After two years with my boyfriend, he’s started dropping strong hints his wants me to convert to his religion. When we got together, he was aware we were tied to different faiths, and it wasn’t a problem for him. Now, it seems like that’s changed. He’s often commenting on the traditional dress women from his religion wear, and asking what I think, slipping in lessons from his holy book and even bought me my own copy to read.
I’ve been open to hearing about his world, but it’s not one I wish to adopt for myself. I’m scared that if I tell him I have no intention of changing my beliefs he’ll leave me after two years.
My head and my heart are at war with each other. And I don’t know which one to listen to!
You need to figure out if this is a deal breaker for you – and fast! Right now, your man is strongly suggesting that he wants you to convert to his religion and it’s not something that you’ve previously been prepared to do. After 2 years together, it would seem that you’re not going to be able to stay with this course of action. It appears that he wants you to become a part of his religion. So you have get clear with him about exactly what he really wants, and then look inside yourself and decide if this is something you can do.
This regularly happens with couples. Something that you had an agreement on earlier in the relationship changes. It might be that you’ve agreed not to get married, not to have kids, not to go overseas for work, not to put the kids into private schooling, or not to share bank accounts. But things change. For you, it’s all about religion. You started out as a couple who were happy to have different faiths. However, now It would appear that he wants you to convert. So it’s time to get very clear on this, and then decide if you can live with it for the rest of your life.
Don’t assume yet from his actions that he absolutely wants you to convert. Instead, go in curious and ask him where he stands on this particular issue.
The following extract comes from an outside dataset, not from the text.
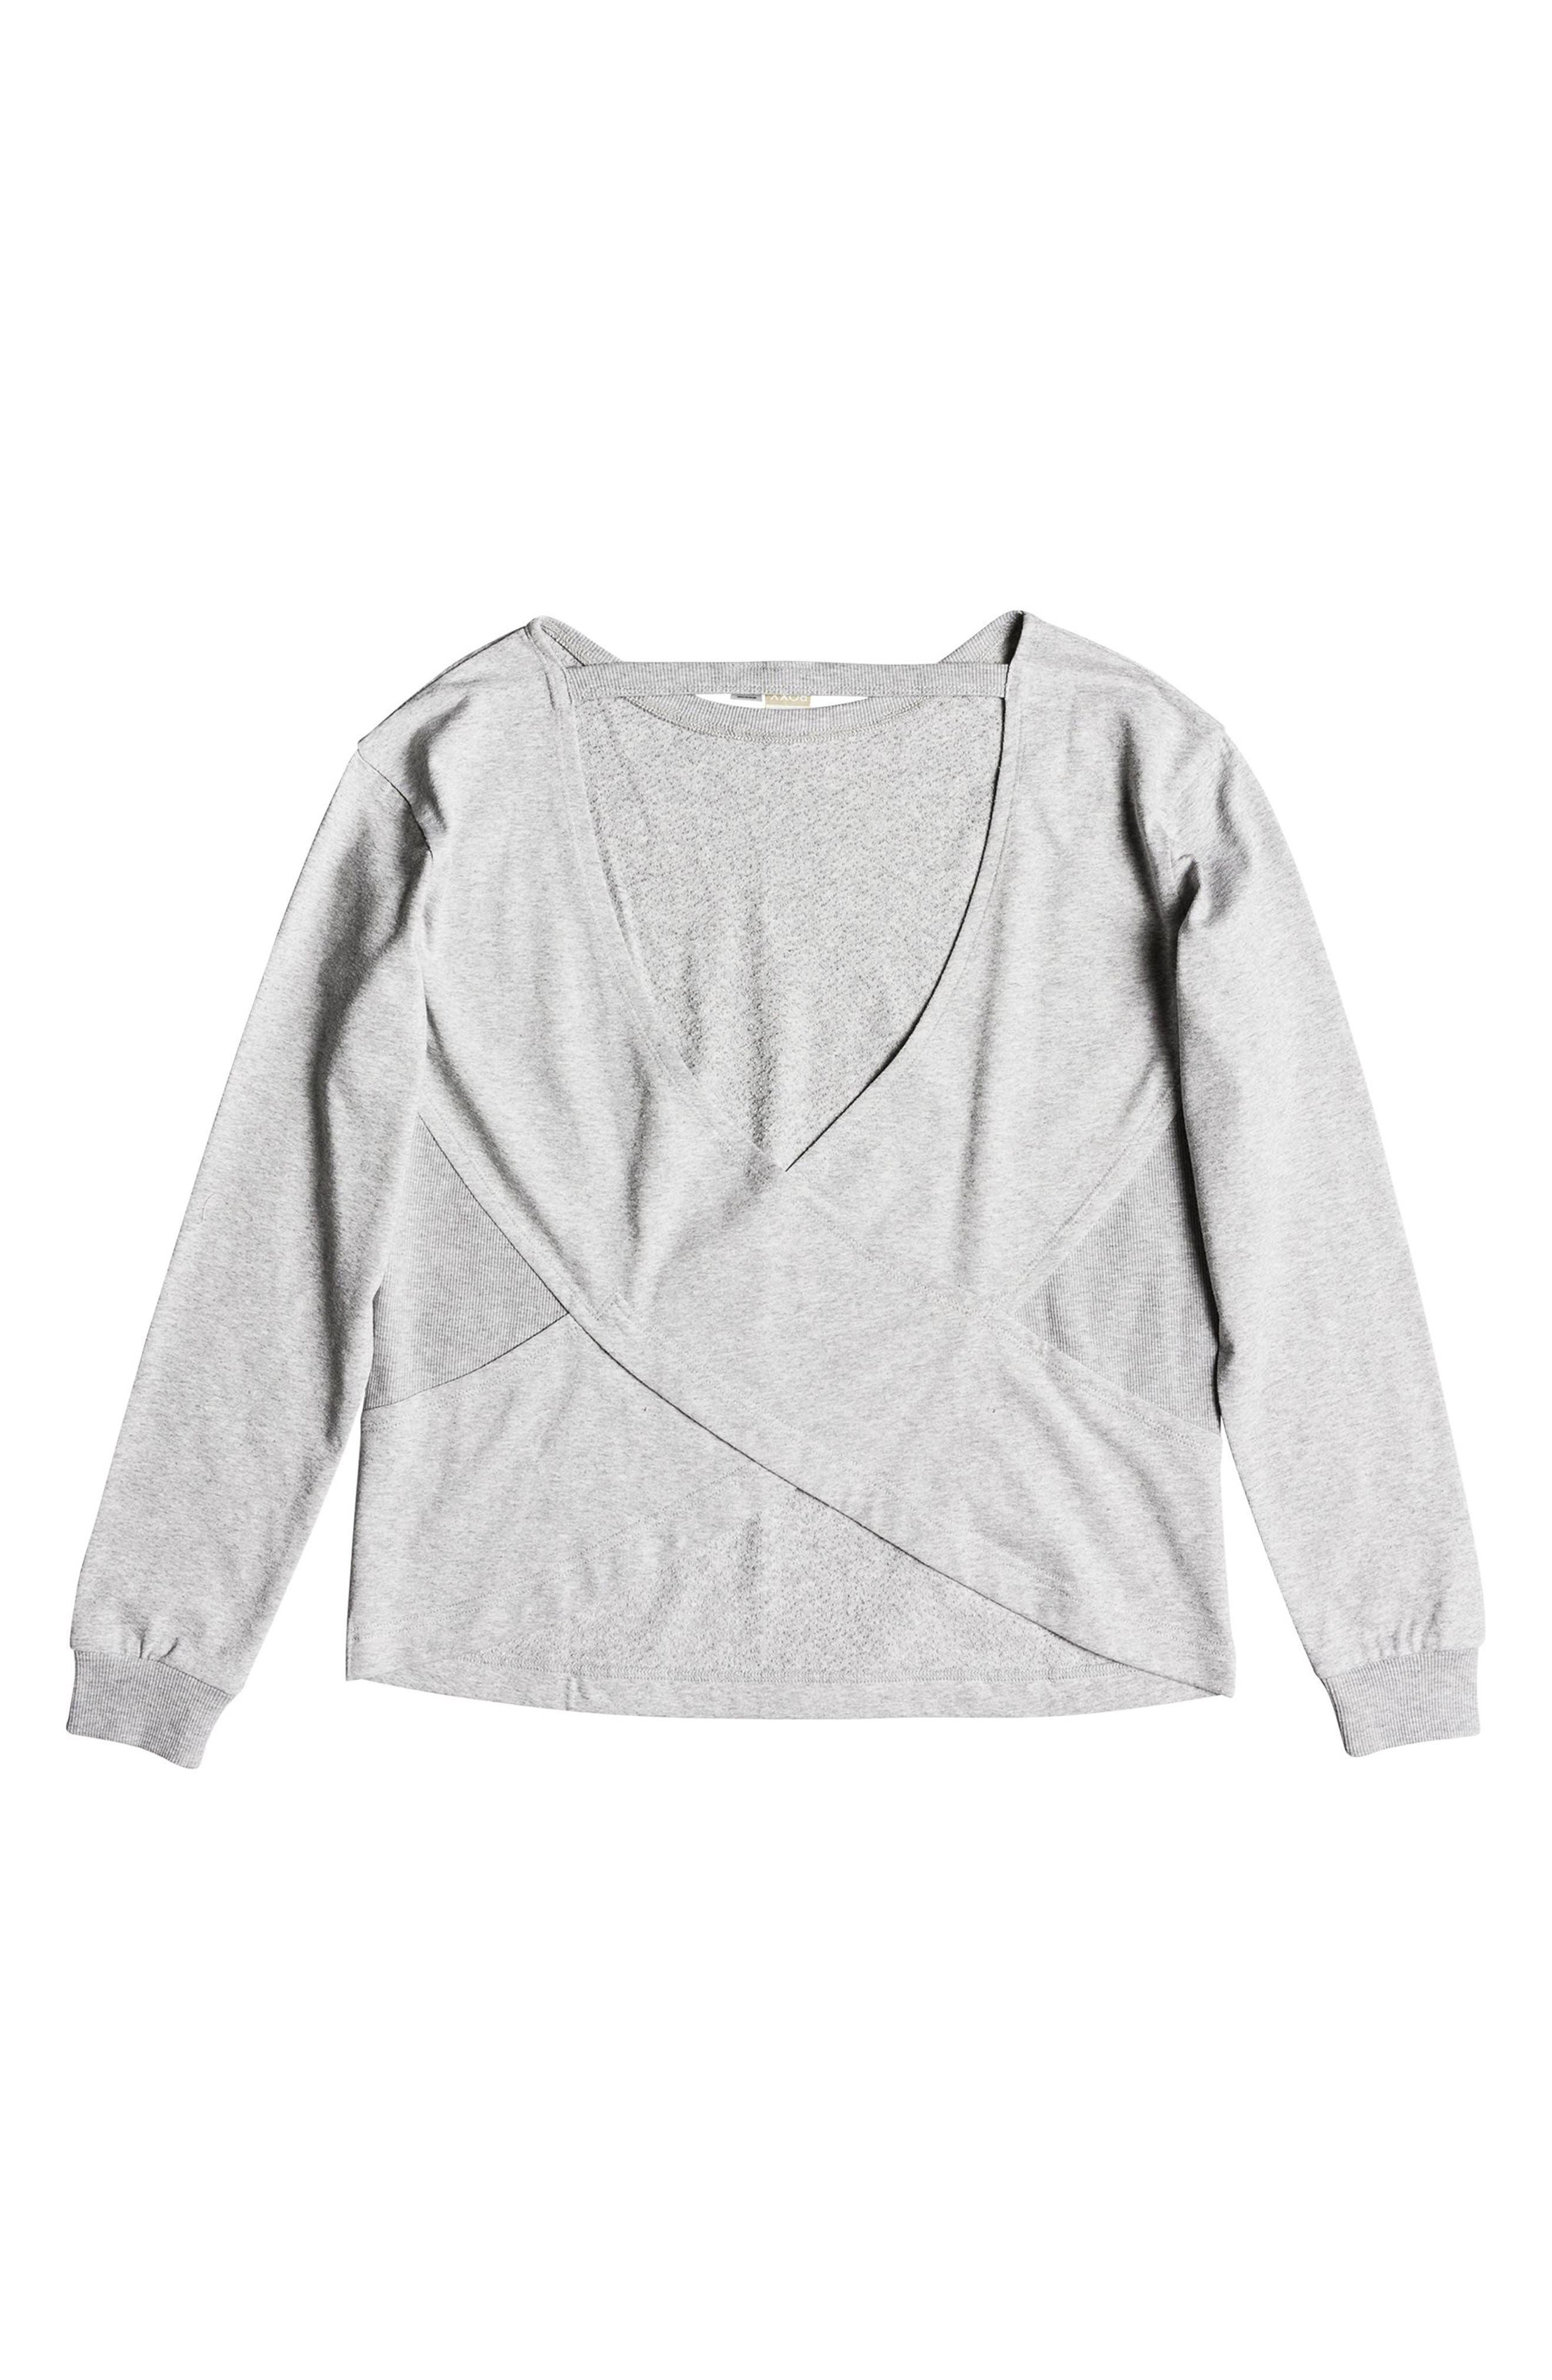 Journey On Open Back Sweatshirt,                             Alternate thumbnail 5, color,                             HERITAGE HEATHER

Point out the actions that you’ve noticed from him, and see what he says. Then find out if this is really a deal breaker for him or not? And try to understand why this is so important for him?
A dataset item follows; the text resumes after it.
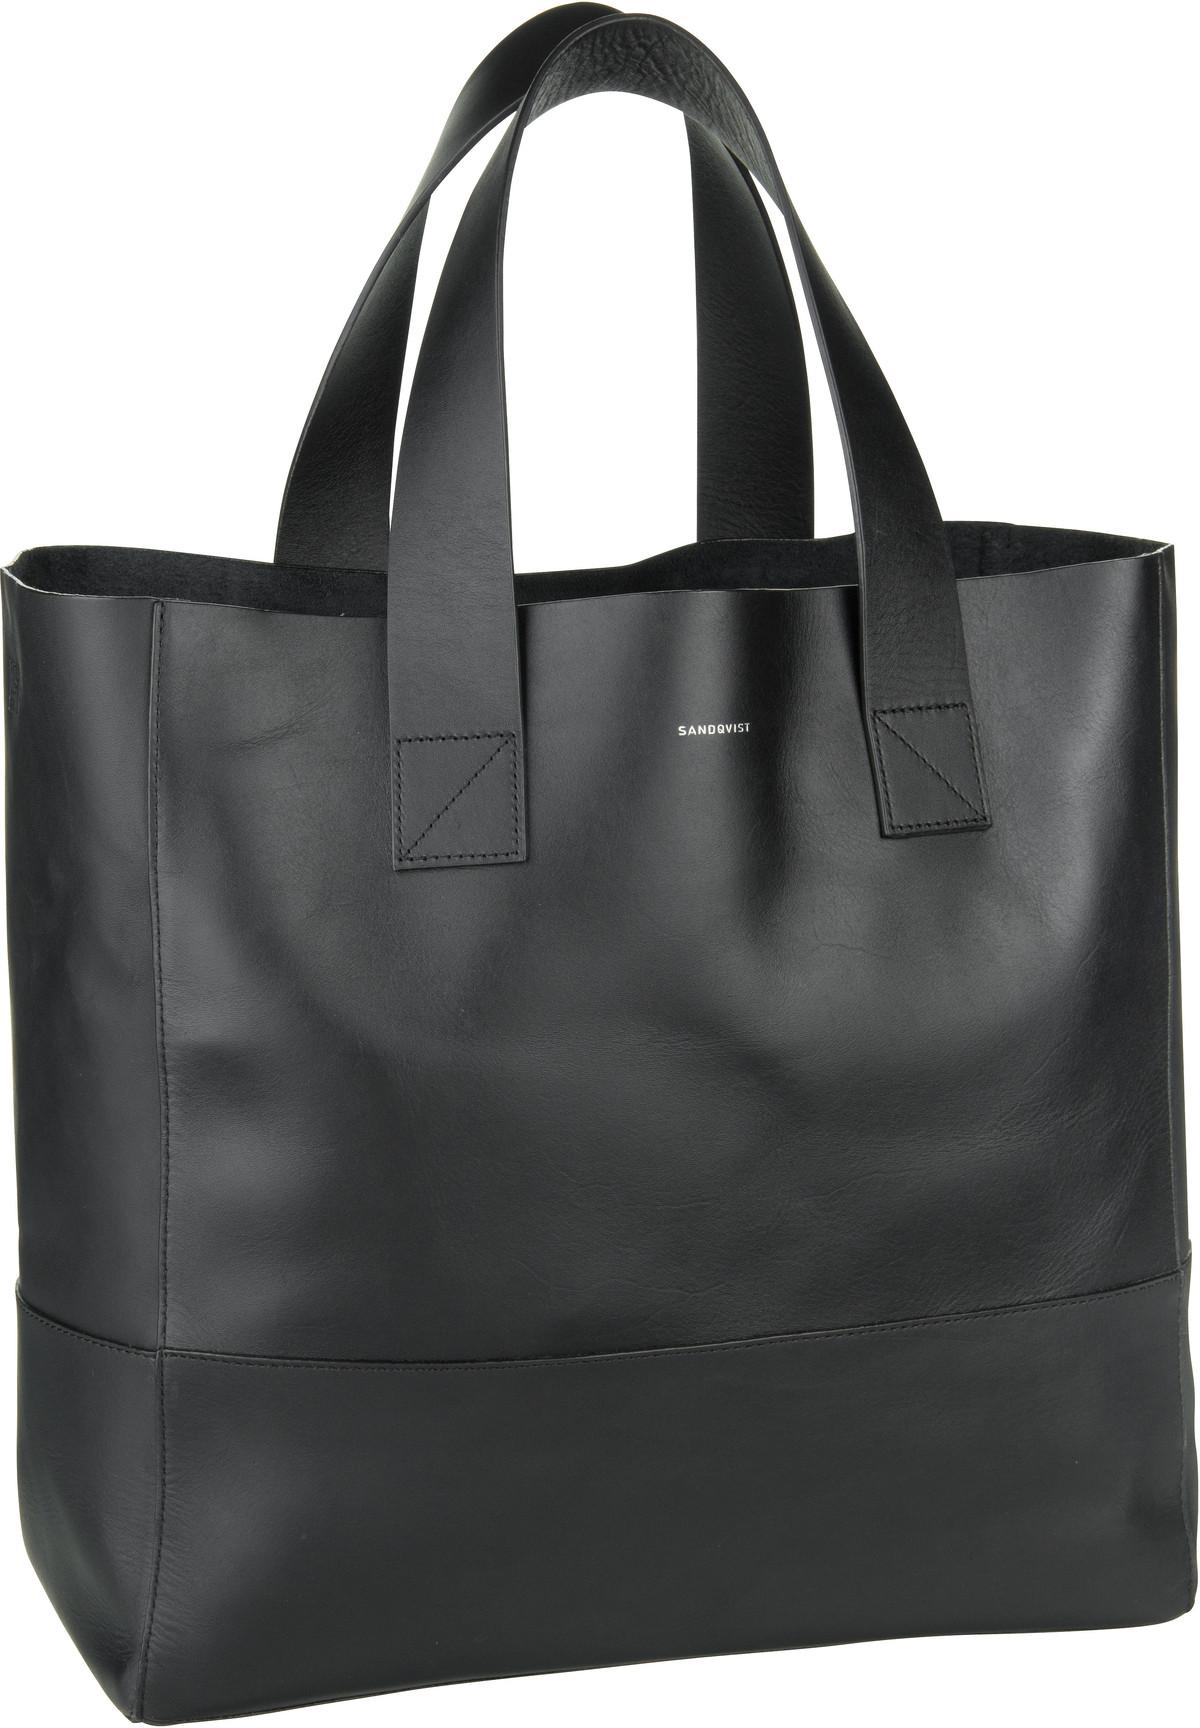 Handtasche Iris Tote Bag Black (19 Liter)

Once you have all this information, then you can step back and see how it sits with you. If it’s black and white for him, and you want to be with him forever, then you’re going to have to convert. If on the other hand it’s a deal breaker for you, then tell him it’s not ever going to happen and it’s time to move on. Having this conversation will reveal his true beliefs and needs, and from there you can make an informed decision. It’s not going to be easy, but at least you’re having this conversation after 2 years, rather than finding out after many years of being together.
The opinions expressed in this column are for general informational purposes only, are based on limited information and are not professional advice. You should always seek your own professional advice for your circumstances. Any actions taken are the sole responsibility of the reader, not the author or 9Honey.